In this paper, a novel analytically method for analyzing the dynamic behavior of beams, under different boundary conditions and in presence of cracks, is proposed. Applying the Timoshenko beam theory and introducing the auxiliary functions, the equation of motion is derived using the Hamiltonian approach. The natural frequencies are obtained by applying the Euler–Bernoulli method and are derived by the corresponding auxiliary functions of the governing equation of the Euler–Bernoulli beam in free vibration. In order to demonstrate the efficiency of the proposed approach, typical results are presented and compared with some results available in the literature. Different boundary conditions were considered, and natural frequencies were calculated and compared. It is shown that very good results are obtained. This approach is very effective for the study of the vibration problem of Timoshenko beams. The novelty of the proposed approach is that although the auxiliary functions are different for the two theories, in both cases the dynamic problem is traced to the study of an Euler–Bernoulli beam subjected to an axial load.

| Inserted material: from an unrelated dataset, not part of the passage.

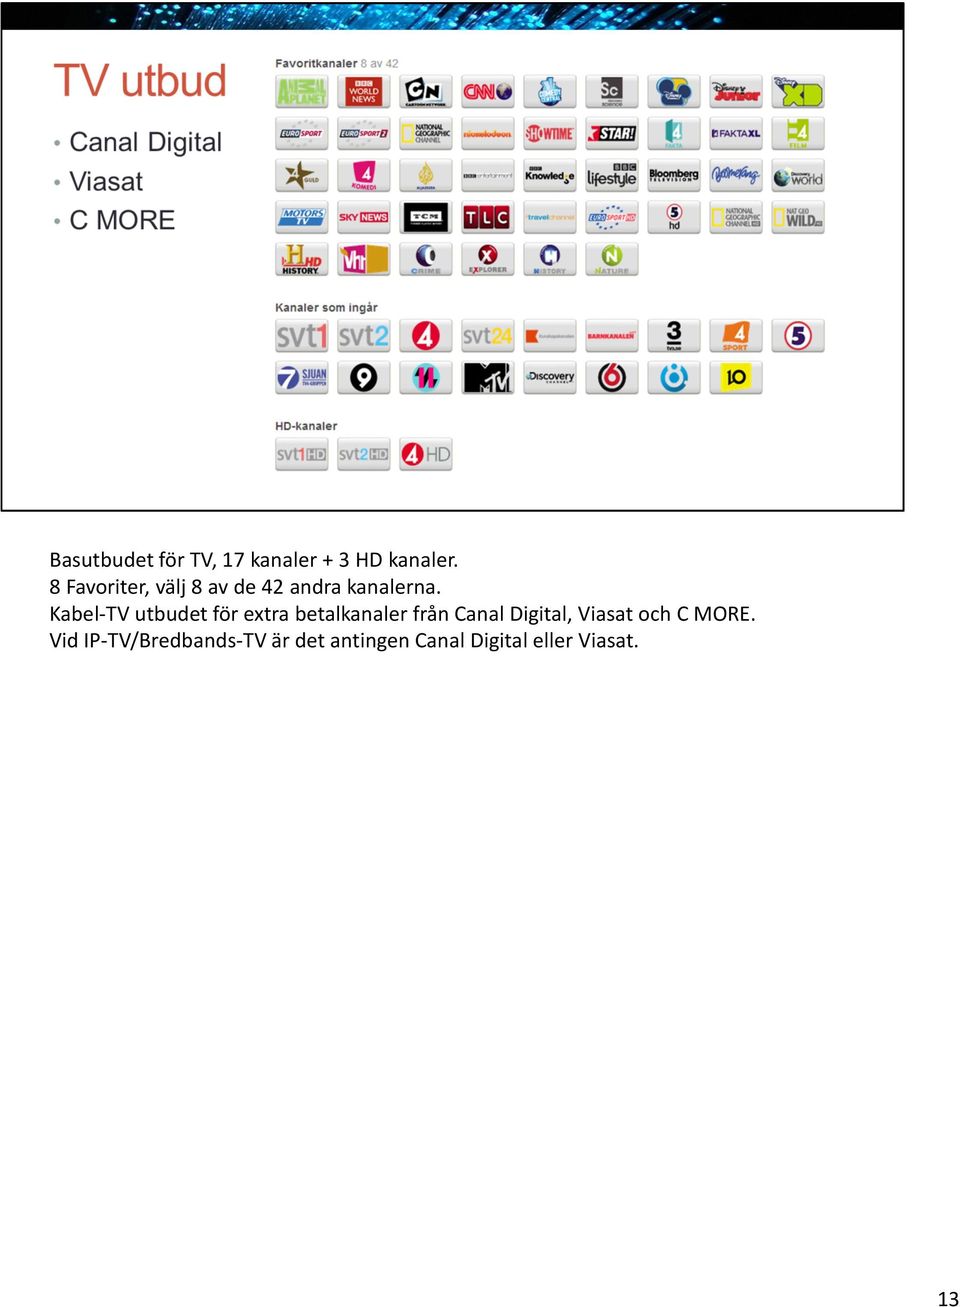 Kabel-TV utbudet för extra betalkanaler från Canal Digital,

提出了一种在不同边界条件下，存在裂缝的情况下分析梁动力特性的新颖分析方法。应用季莫申科梁理论并引入辅助函数，使用哈密顿方法导出运动方程。固有频率是通过应用Euler-Bernoulli方法获得的，并通过自由振动中Euler-Bernoulli梁控制方程的相应辅助函数得出。为了证明所提出方法的有效性，提出了典型结果，并将其与文献中提供的一些结果进行了比较。考虑了不同的边界条件，并计算并比较了固有频率。结果表明获得了非常好的结果。这种方法对于研究季莫申科梁的振动问题非常有效。所提出的方法的新颖之处在于，尽管两种理论的辅助函数都不同，但是在两种情况下，动力学问题都可以追溯到对承受轴向载荷的Euler–Bernoulli梁的研究。